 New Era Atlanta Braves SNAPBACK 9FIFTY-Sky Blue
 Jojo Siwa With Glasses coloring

* * *

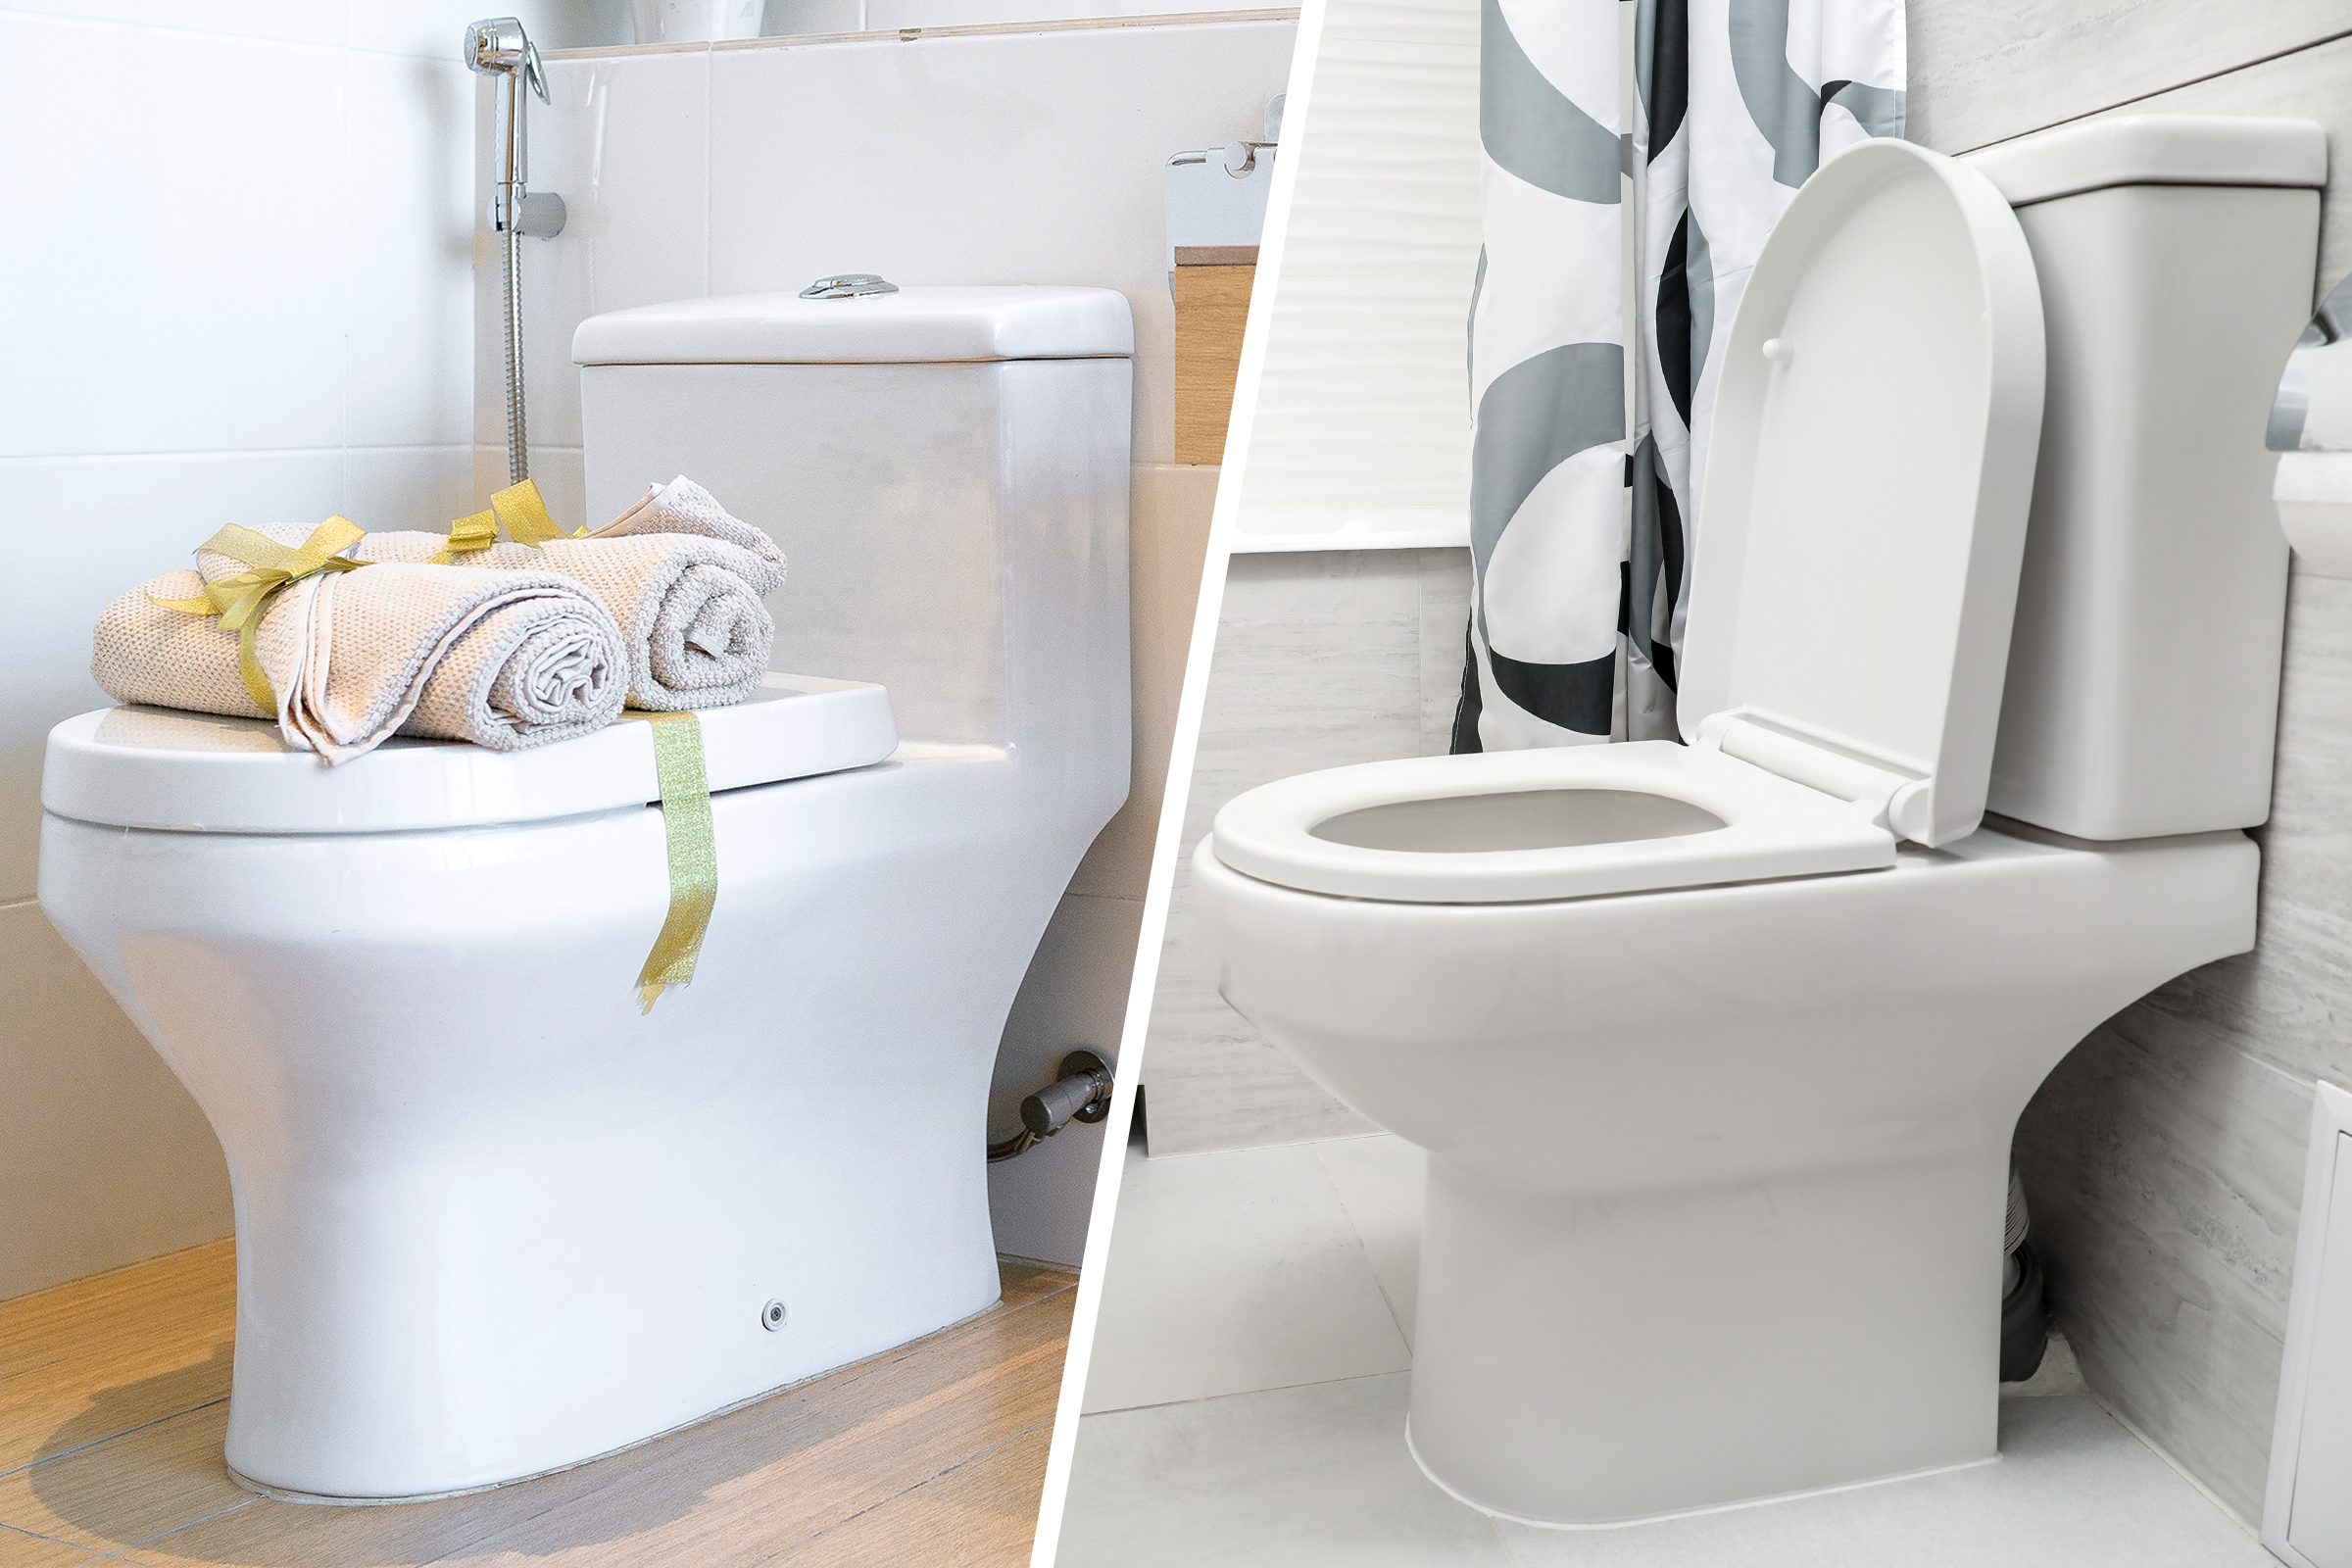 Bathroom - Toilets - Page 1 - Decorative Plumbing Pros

Exercise prompt. Please give back exactly the lines of this listing beginning at the line with "New Era Atlanta" and ending with the line with "Jojo Siwa With Glasses coloring", both included, and nothing else.

Your response.
 New Era Atlanta Braves SNAPBACK 9FIFTY-Sky Blue
 Jojo Siwa With Glasses coloring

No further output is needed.